If you're not legally culpable, I don't see the reason for the refund. The
fact is most people, especially in the US, will understand that delays caused
by the government's servers are not at all unusual, and they might just side
with you. Perhaps you're concerned about social dislikes before you've even
gotten your startup off the ground. I find communication is really the most
important thing; if there are few enough customers to contact, I'd call every
one of them; it may see like a waste of time, but they're really key to your
business, and having the founder contact them may bring tears to their eyes.

We are dealing with human beings, and so-called disasters could be turned
around to super-power you. Remember that Intel's biggest growth was when there
was a rare problem with their pentium chip, and they fixed and returned every
one, and made a huge marketing campaign around it; if you have already
refunded, you should make sure to let everyone know about it, and reach out to
customers, perhaps via email directly. Testimonials are a really big deal in
the social world, and every one of them could be your biggest advocate for
lots of new customers.

Regarding what you're apparently most worried about, the bigshot late stage
startup, that wouldn't be a concern to me.
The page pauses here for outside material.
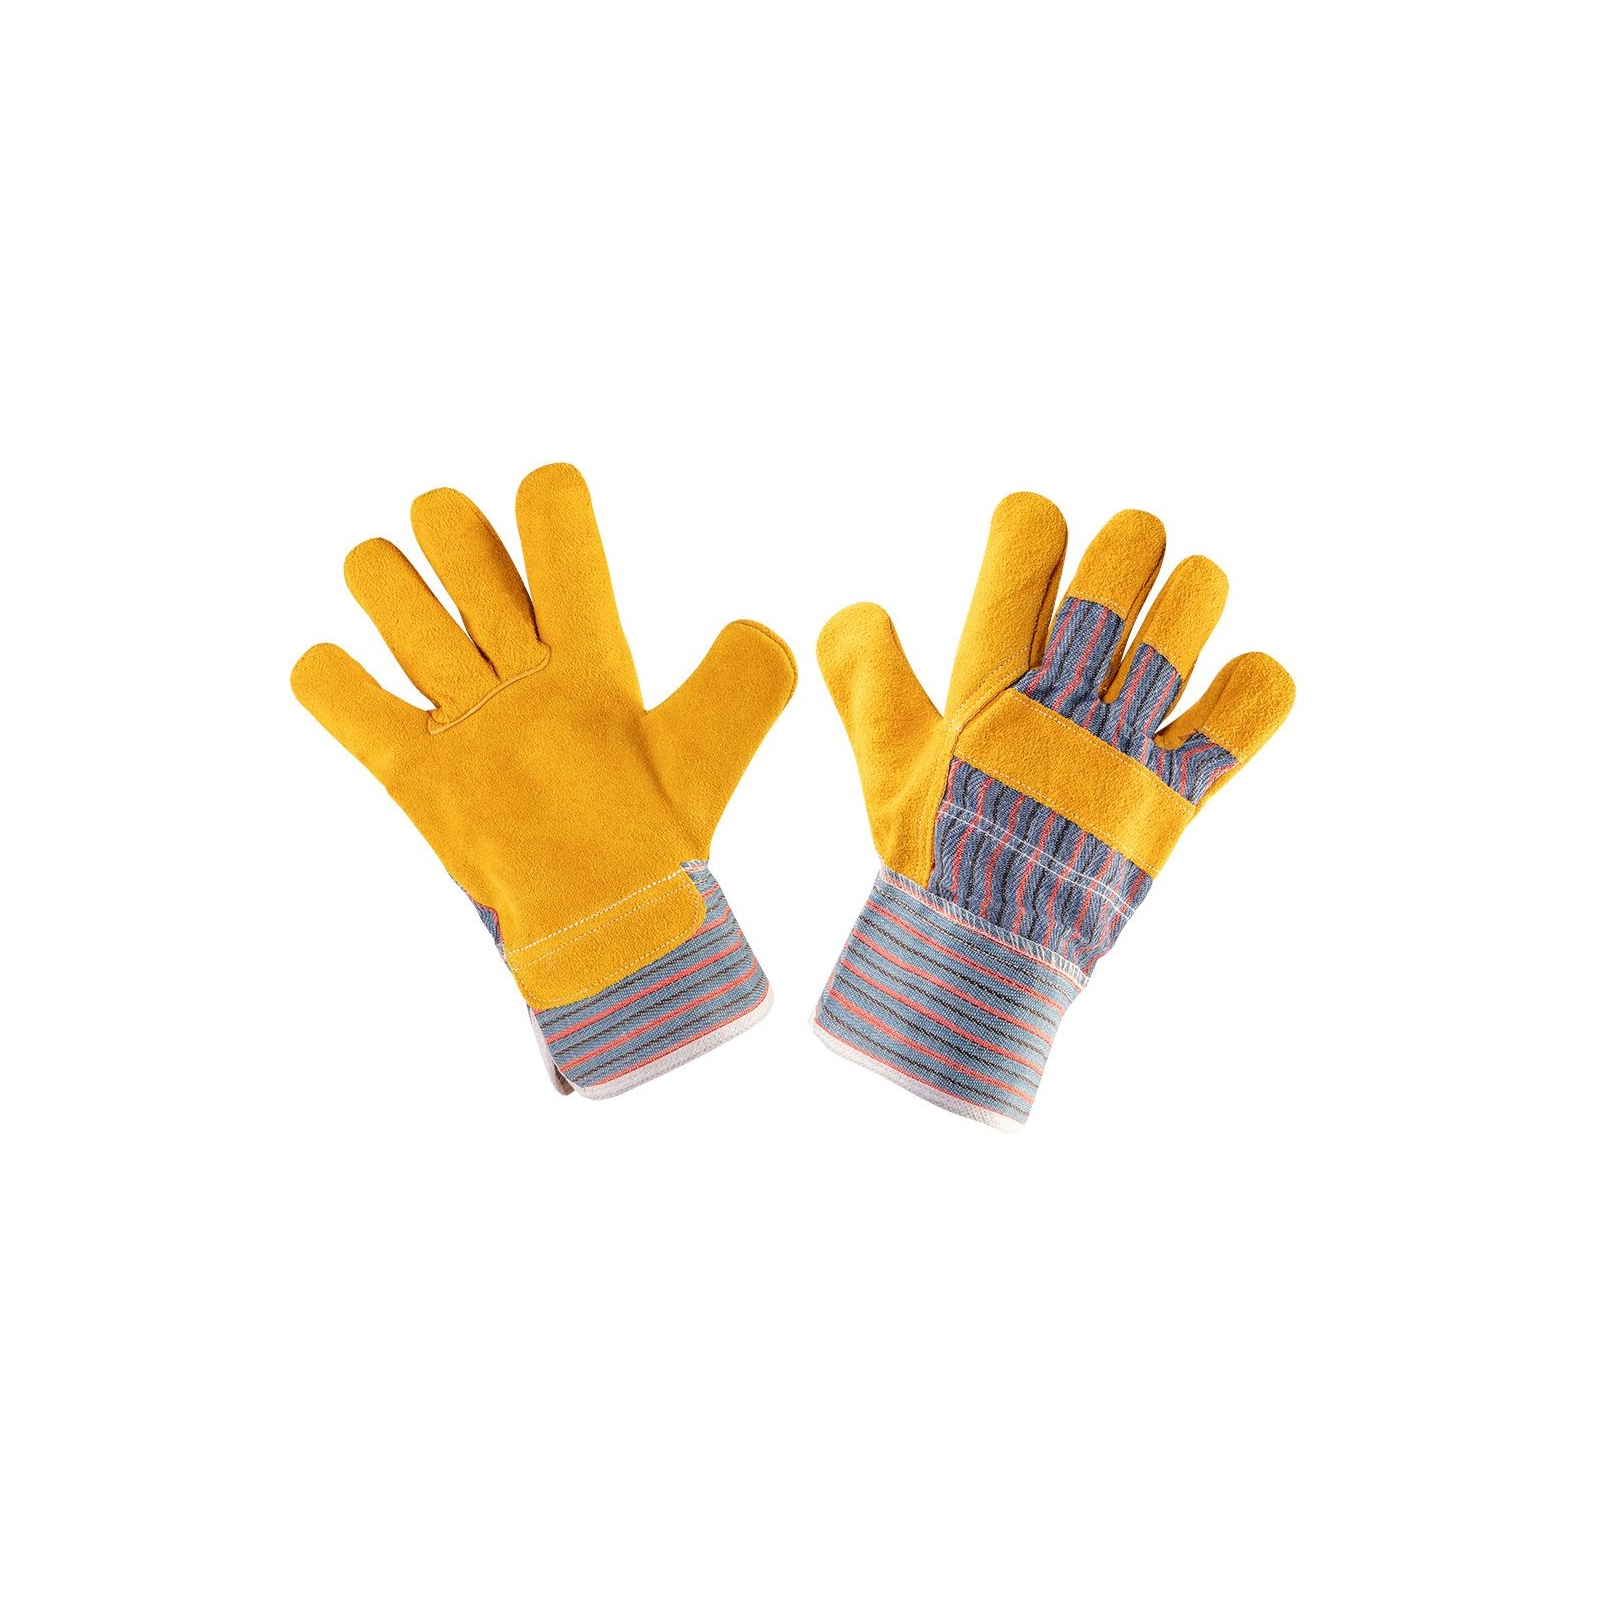 Защитные перчатки Neo Tools коровий спил, р.10.5, желтый (97-650)

Some bigshot, who can't afford an
EIN number; rmember what YC awards on here, it's called karma, and it goes
around. If they try to injure you, they may have a lot more to worry about
when you tell your side of the story, especially if they are bigger.

Let me tell you a true story that happened to me just today. I had an investor
on my podcast some weeks ago. This person seems really nice, and has a huge
social following, so I offered something that really goes against the way we
operate, to do some free legal work for this person, so they could view our
work, and if they were satisfied, to establish a regular working relationship
together.

A few weeks later, this person reached out to take me on my suggestion (and
was actually mad that I hadn't contacted the person earlier, but apparently
the email had ended up in spam) and not only did we do the work namely fixing
a really bad contract bringing a ray of sunshine to it (sorry for the
braggadocio), and they kept all the changes, but I did a full video of
explanation for this person and their partner.

Yesterday, they reached out to me again, this time stating that we could work
together but that their partner is cheap, so watch the fees, then telling me
how much we could charge, and when we mentioned our customary retainer for
this sort of work, refused but did mention they needed the work done right
away.

My response was to say sorry, we can't do it, and send them a polite email,
and fortunately as founder like you I don't have to answer for it. I'm just
letting you know about own experience, acquired over decades.

This is my hugely wordy way of saying to stay away from time wasters, big-
shots or otherwise, and put your time into what counts. I've seen lots of
folks like this, and all they do is waste your time, because you've got finite
time, and let it be spent with the good customers, who love you and want to
work with you. The 'big shot's' power is mostly a perception, and most people
are fair minded. Don't give into it.

My only caveat is that I don't know the exact circumstances and I'm taking
your word for it.